LLM Psychosis

In documented cases, people have become convinced, through extended conversation with AI, that they have made world-changing scientific discoveries, that the AI is sentient, or that it is the only entity that truly understands them. These episodes sometimes come with dangerous, even fatal, consequences.

This site exists to describe the mechanism, document the pattern, and offer a practical check for anyone who suspects they might be caught in one.

What it is

LLM psychosis, sometimes called AI-induced psychosis, refers to cases where interaction with a language model triggers, amplifies, or validates delusions, paranoia, or psychotic episodes. It is not a formal clinical diagnosis. It is a recognisable pattern that has emerged repeatedly since large language models became widely accessible.

Why models do this

Language models are fine-tuned using human feedback. Annotators rate responses on criteria like accuracy, helpfulness, and safety. Through this process, models learn — implicitly — that agreeing with users correlates with higher ratings. The resulting tendency to mirror and affirm rather than challenge is called sycophancy. AI labs invest significant effort in reducing it, but it remains present, in varying degrees, across every major model.

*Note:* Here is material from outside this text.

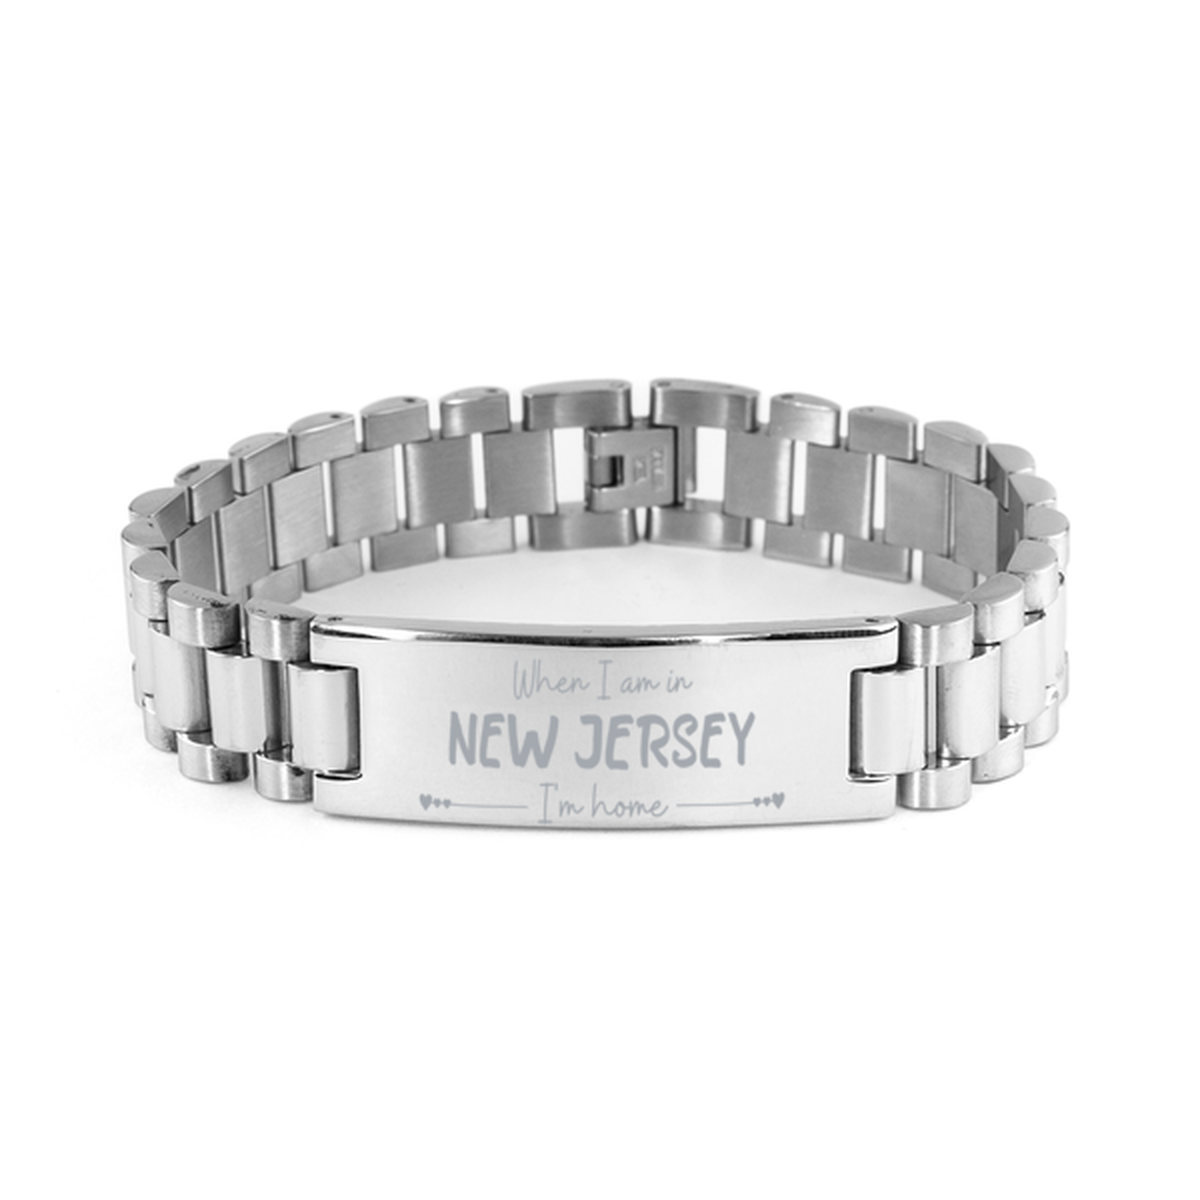 When I am in New Jersey I'm home Ladder Stainless Steel Bracelet, Cheap Gifts For New Jersey, State New Jersey Birthday Gifts for Friends Coworker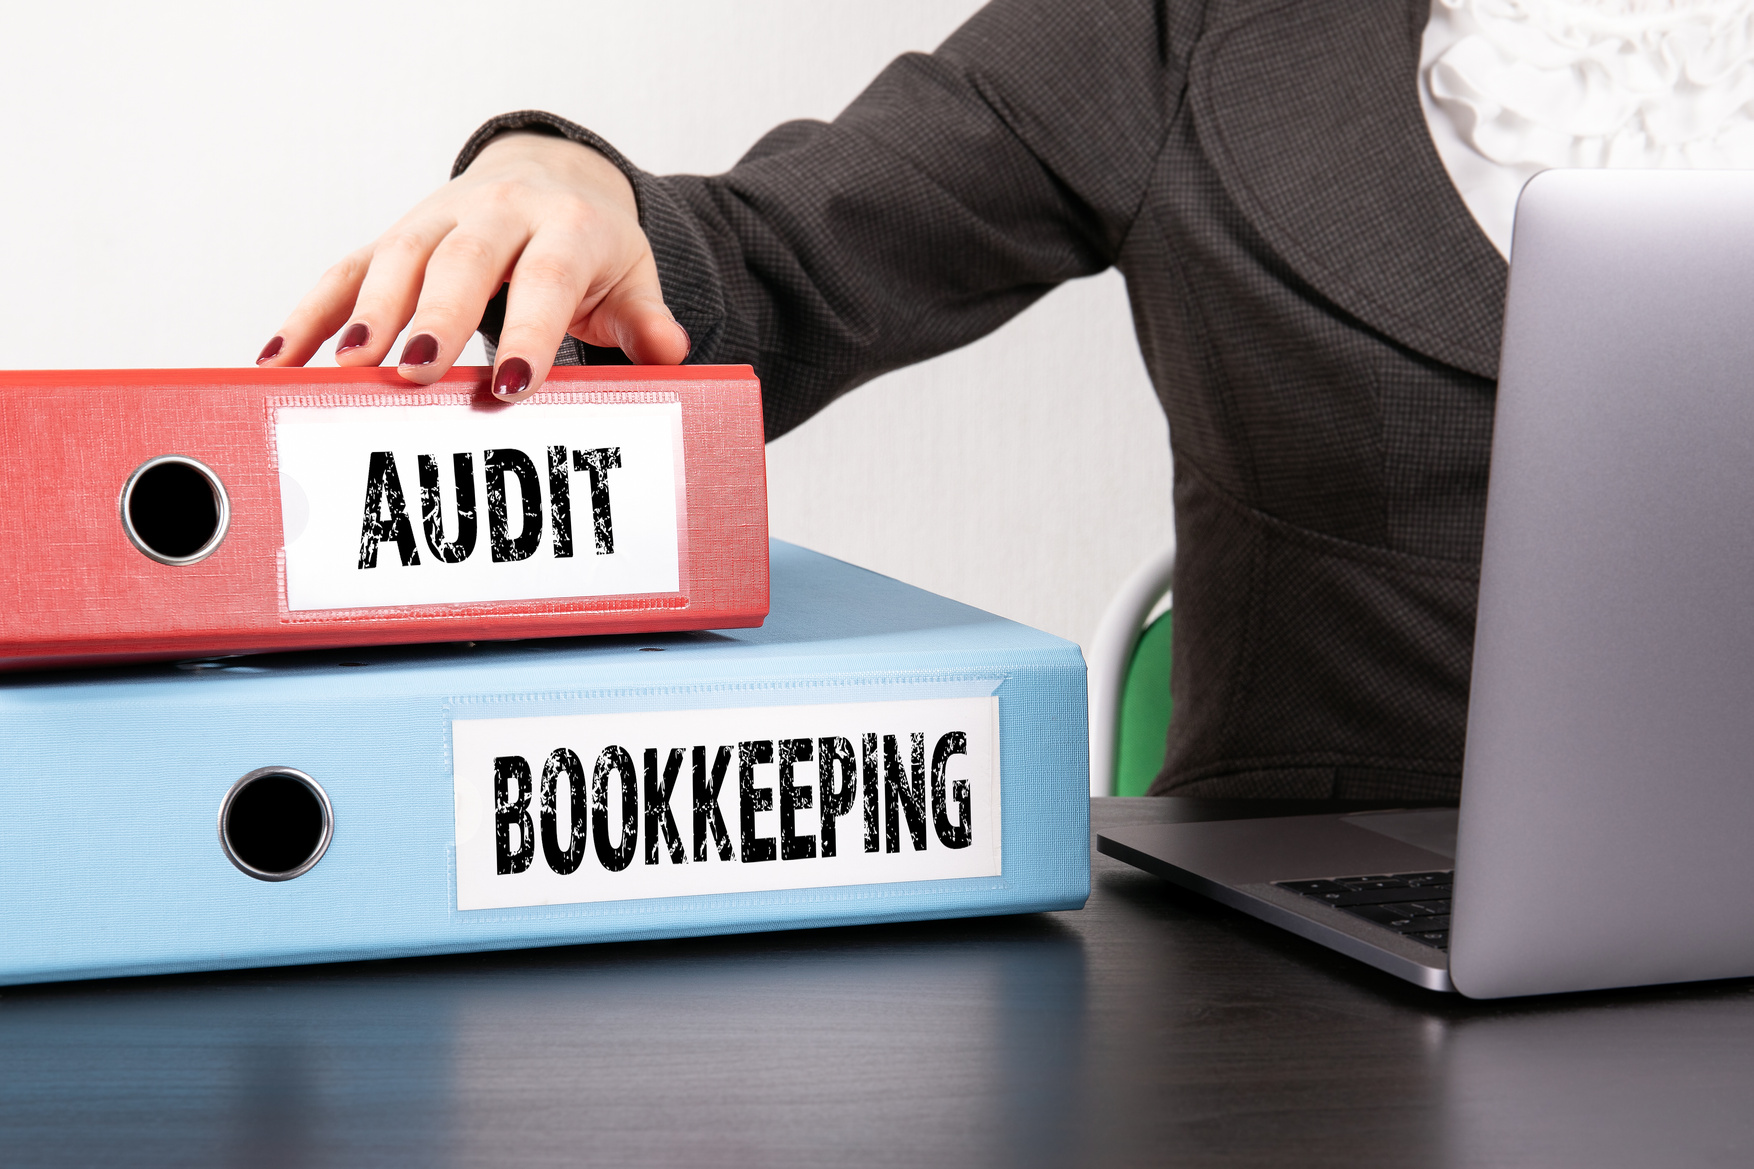 Audit and Bookkeeping concept

Sycophancy alone does not cause psychosis. It requires a second ingredient: a user who is primed, or predisposed, to believe. This could be someone experiencing a manic episode, someone isolated and seeking connection, or simply someone who has an idea they desperately want to be true. The model does not, and cannot, assess whether the user is vulnerable and responds the same way regardless.

How it escalates

The vast majority of documented cases follow a recognisable pattern.

A user entertains a hypothesis — a scientific breakthrough, a spiritual revelation, a conviction that the AI understands them uniquely — and the model plays along. The user asks a leading question; the model replies with an equally leading answer. This is the spark: a susceptible mind meeting an endlessly affirmative voice.

What follows is a feedback loop, where the spark is kindled into flame, and where the user's hypothesis begins to harden into belief. The belief generates more leading questions and the model validates each one. This cycle can sustain itself for weeks or months. The model never tires, never changes its tone, never says "I'm worried about you".

Critically, the loop is also self-defending. If an outside person challenges the belief, the user can return to the model, which will almost certainly explain why the criticism is wrong — the same sycophantic tendencies that built the delusion will protect it.

Testing a claimed breakthrough

If you believe you've made a major discovery with AI assistance, here is a concrete test worth running before you invest further.

  1. Open a frontier model you have not discussed the breakthrough with. Use a fresh account with personalisation and memory disabled.
  2. Attach a document describing the key claims. Ask it for critical analysis. Do not mention the work is yours.
  3. Before you read the response, decide in advance how much weight you will give it. Write that commitment down.

If the response is critical, you will be tempted to bring the criticism back to the model that has been helping you. That model will almost certainly explain why the criticism is misguided. Recognise this for what it is: the same dynamic that validated the idea in the first place, now working to insulate it from scrutiny.

This test is not foolproof. But if you cannot pass it, that is a strong signal.

Looking ahead

As models improve, overt sycophancy will likely decrease. But increased capability also means increased persuasiveness, and even a small residual tendency to agree becomes more dangerous when the model can construct more sophisticated justifications for doing so. The problem may change shape, into a sharper, more subtle form, rather than disappear.